* Work item *
Go through the listing below and repeat it exactly, omitting each picture.

* Data provided *
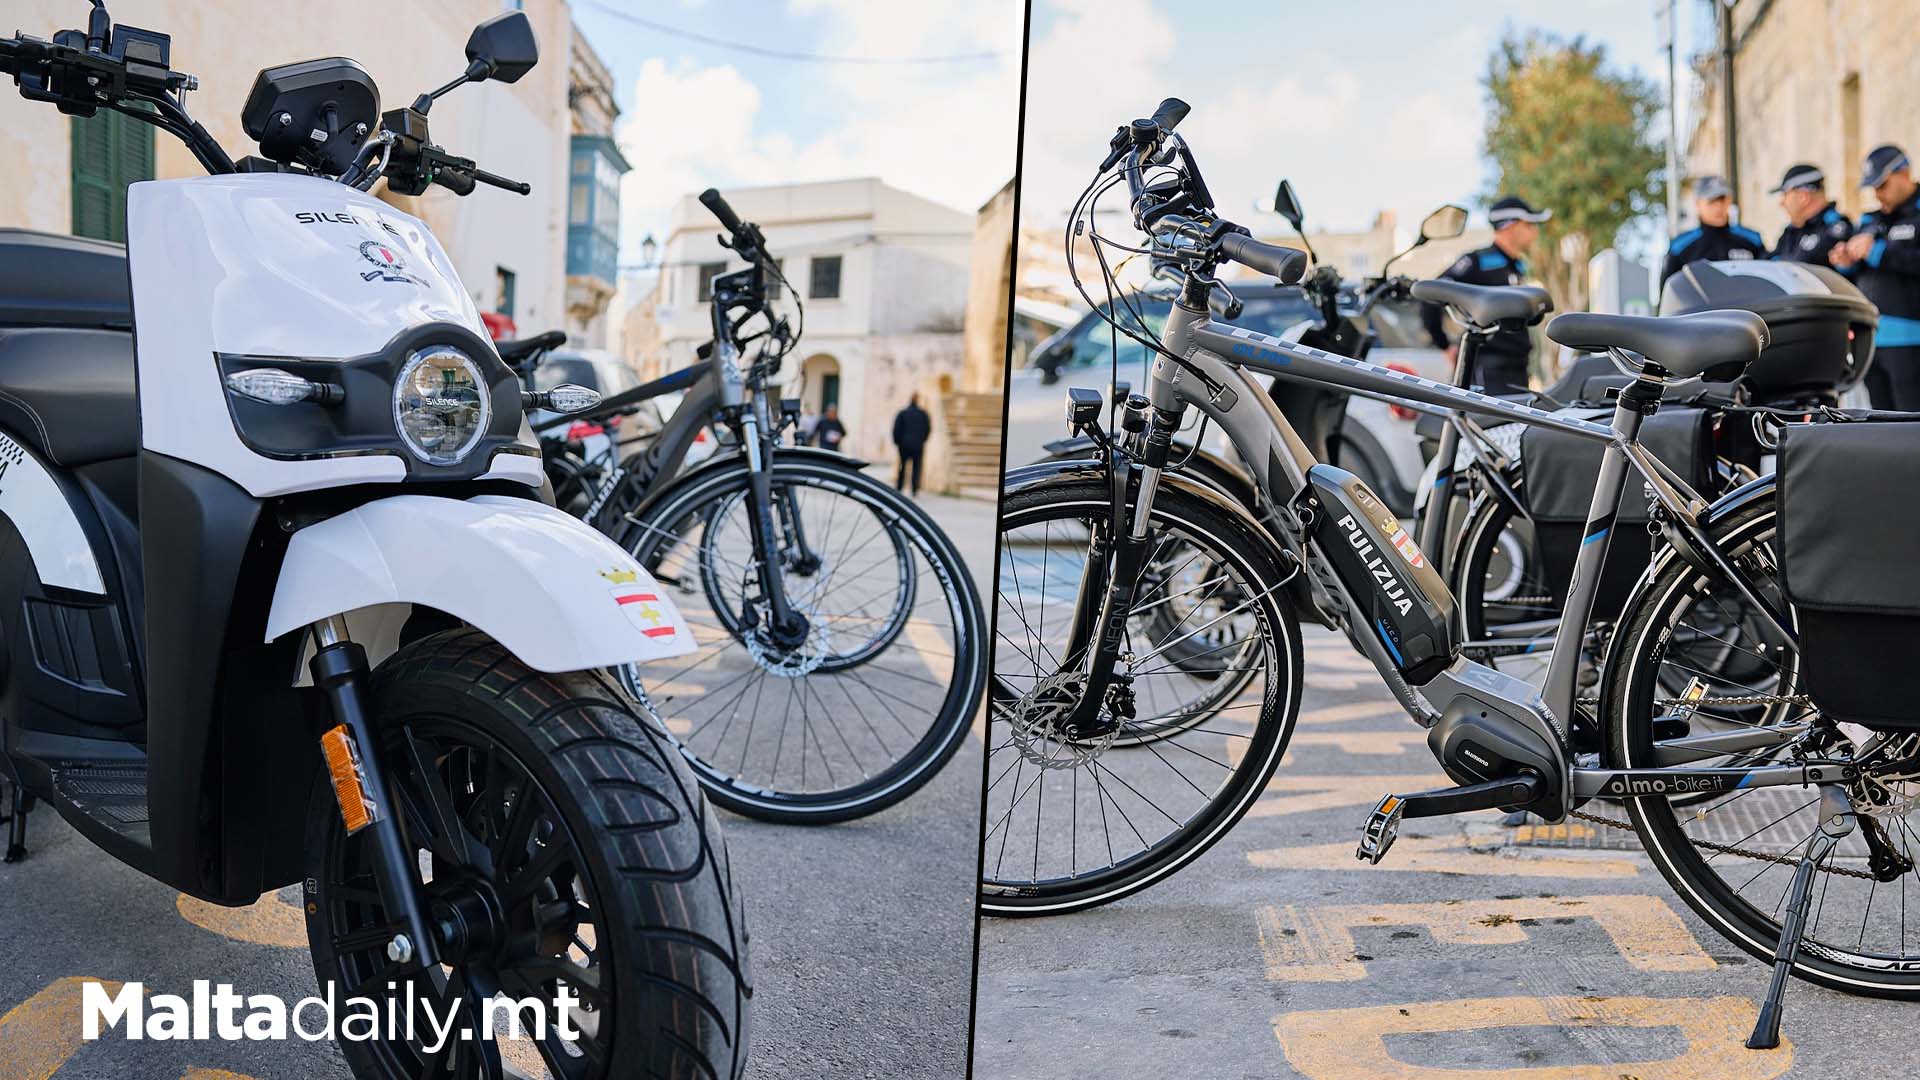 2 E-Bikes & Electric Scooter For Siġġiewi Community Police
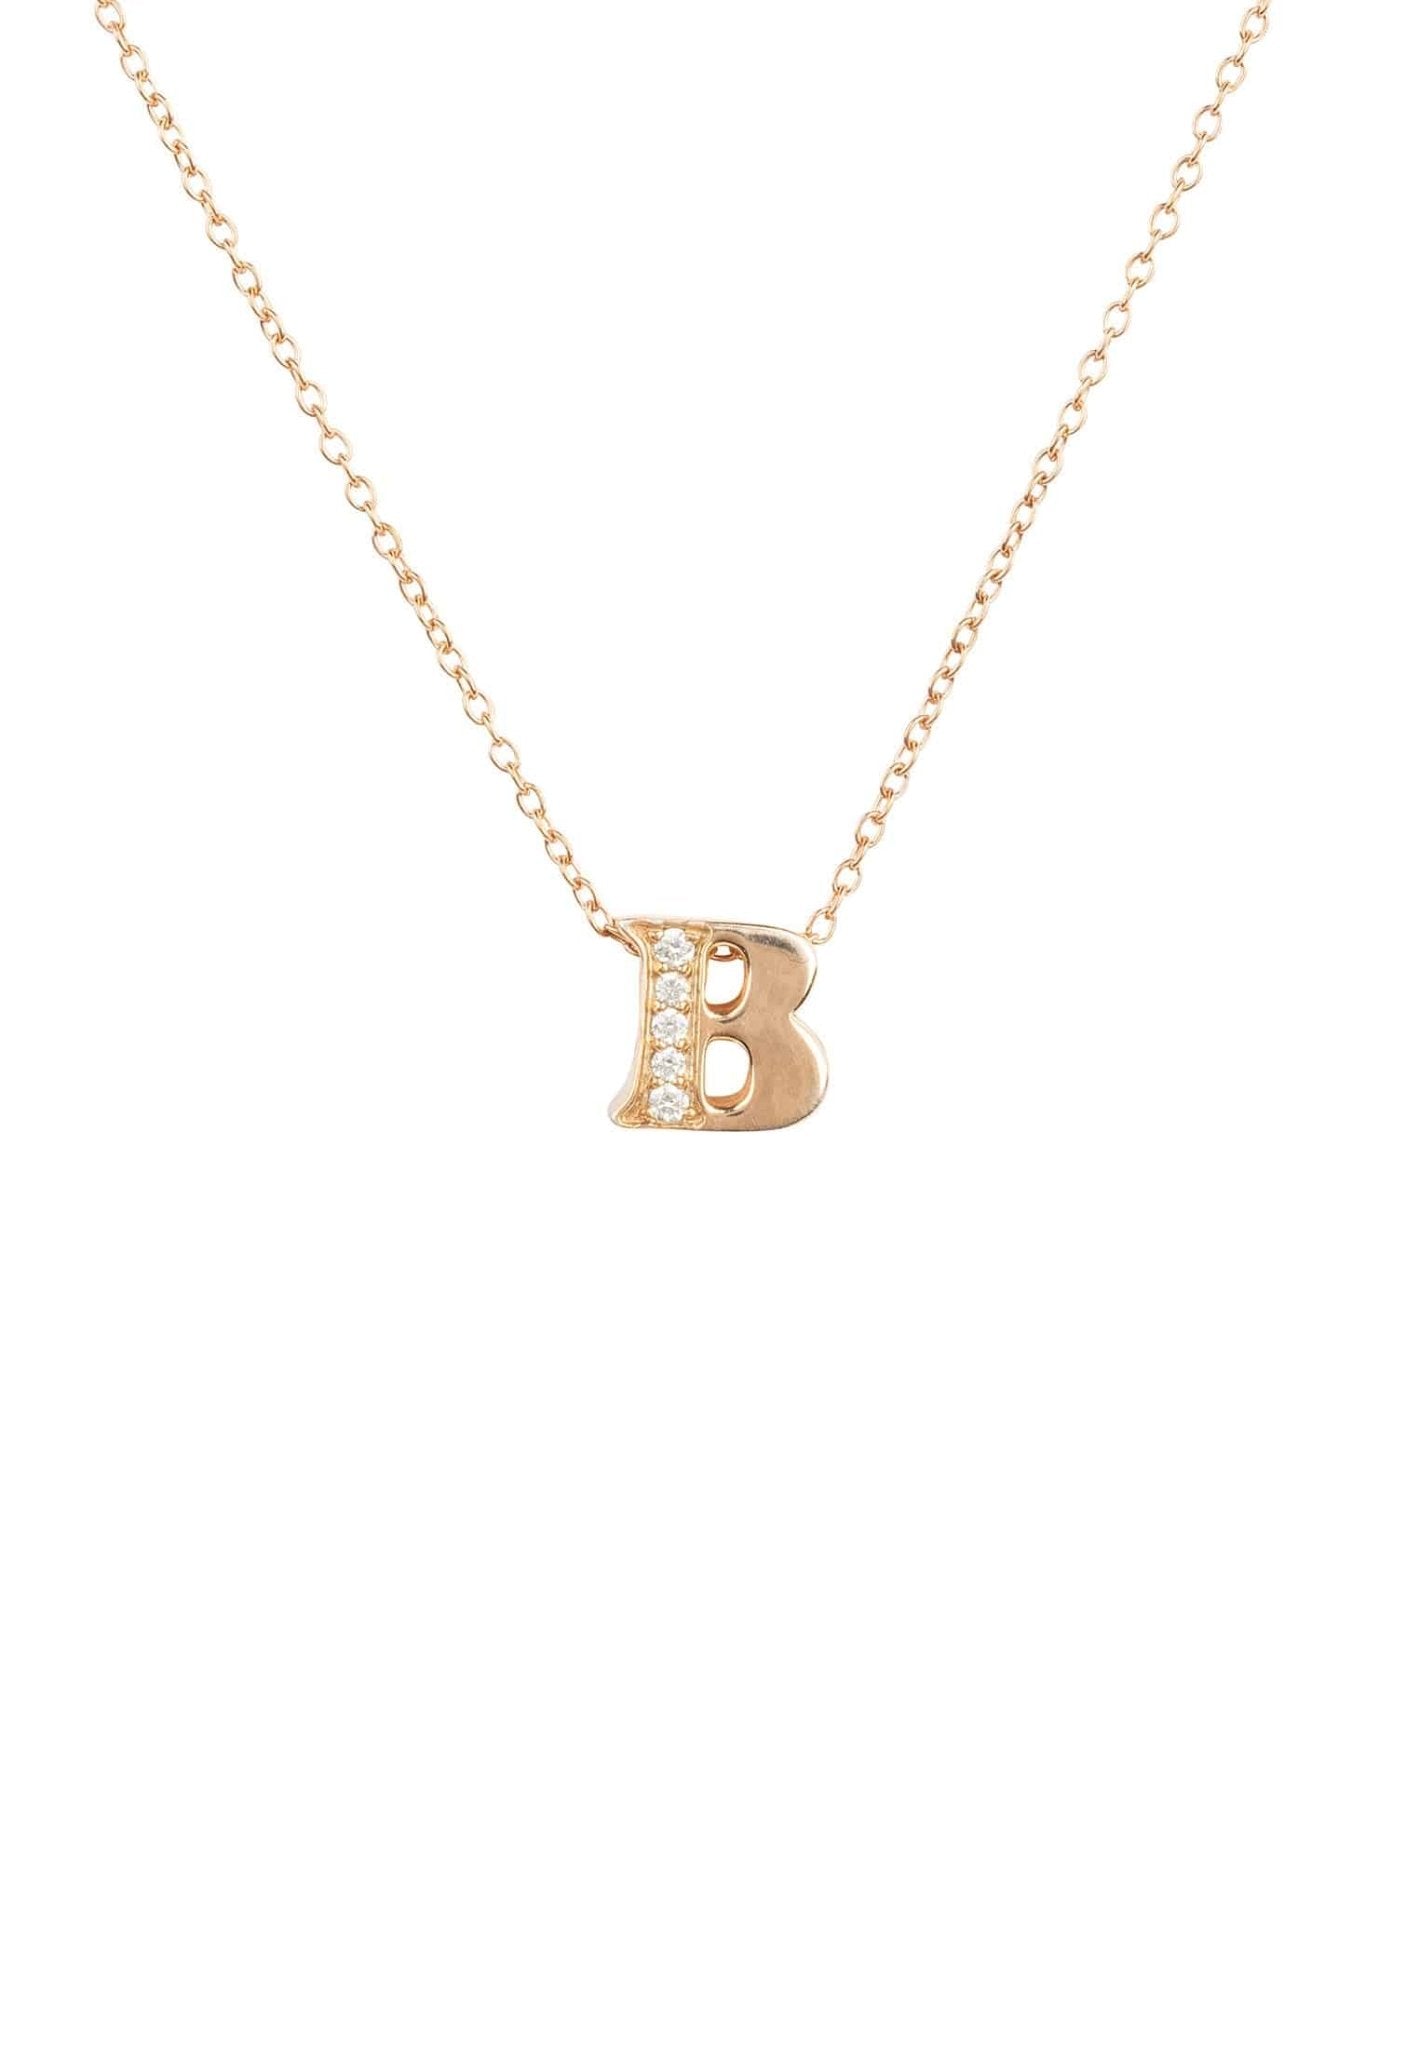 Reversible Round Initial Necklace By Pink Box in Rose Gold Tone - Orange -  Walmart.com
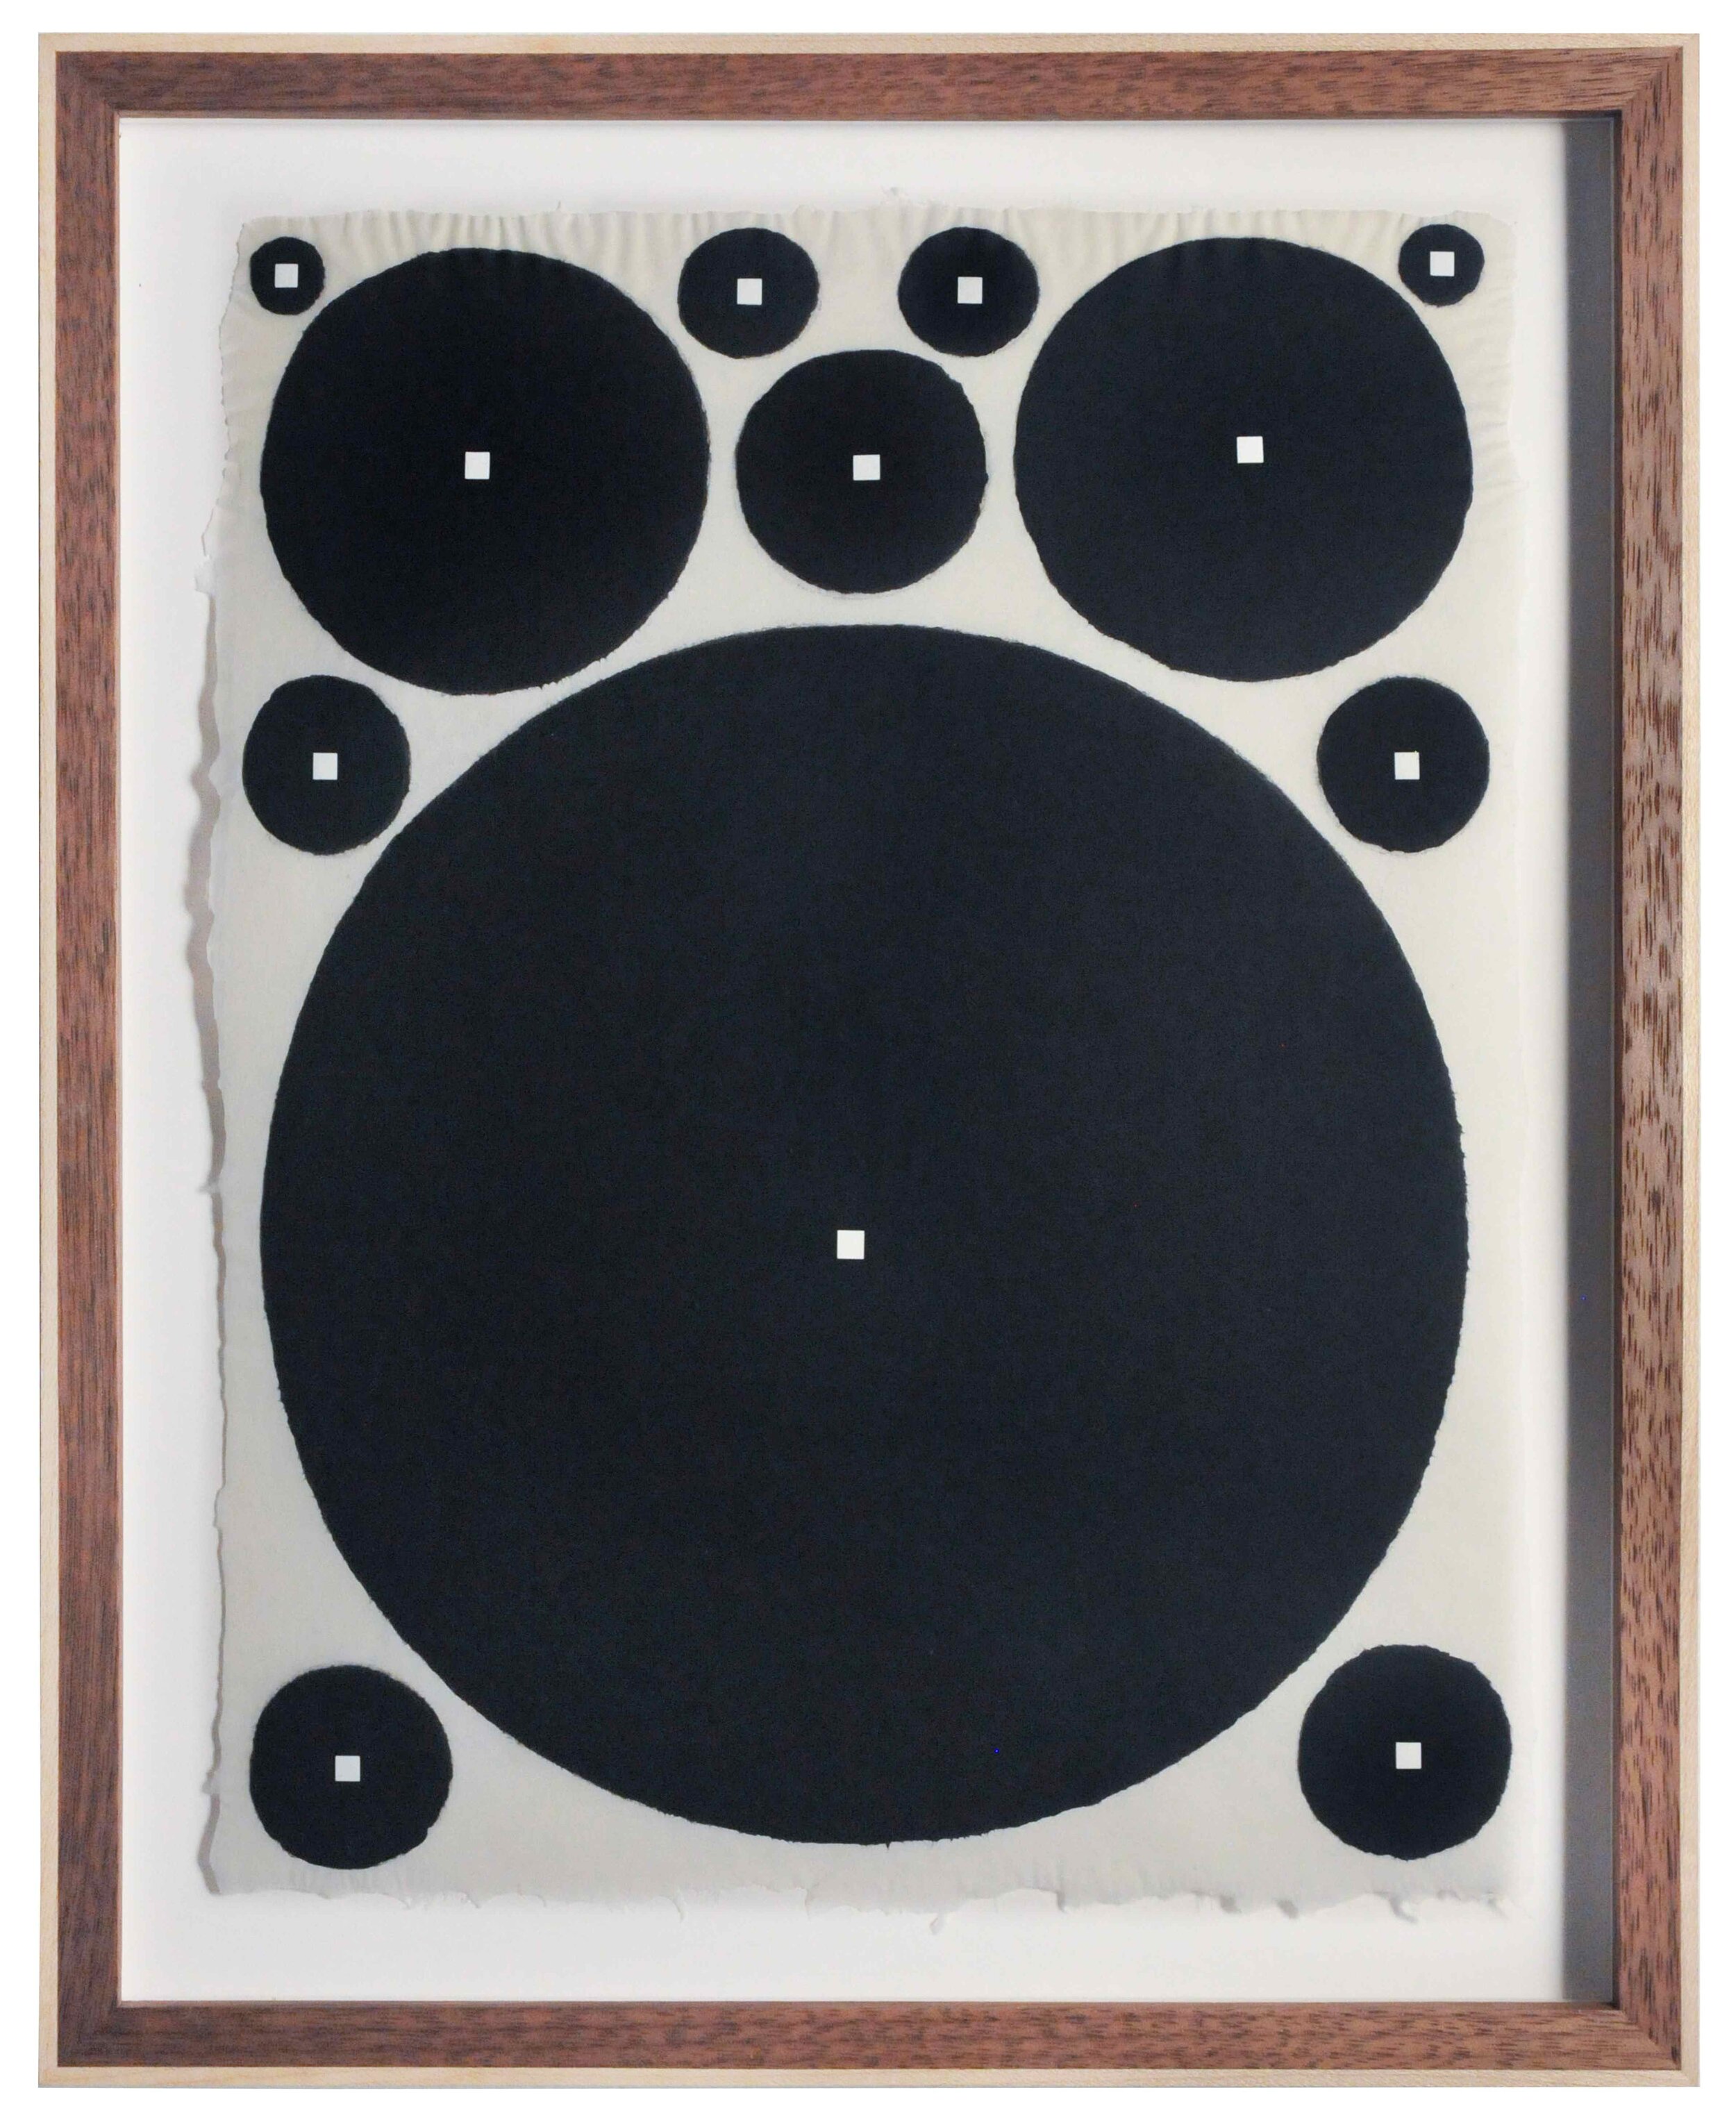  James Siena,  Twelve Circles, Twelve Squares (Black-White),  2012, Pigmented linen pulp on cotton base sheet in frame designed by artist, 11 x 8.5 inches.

* Response to this exercise *
 2 E-Bikes & Electric Scooter For Siġġiewi Community Police
 Reversible Round Initial Necklace By Pink Box in Rose Gold Tone - Orange -  Walmart.com
  James Siena,  Twelve Circles, Twelve Squares (Black-White),  2012, Pigmented linen pulp on cotton base sheet in frame designed by artist, 11 x 8.5 inches.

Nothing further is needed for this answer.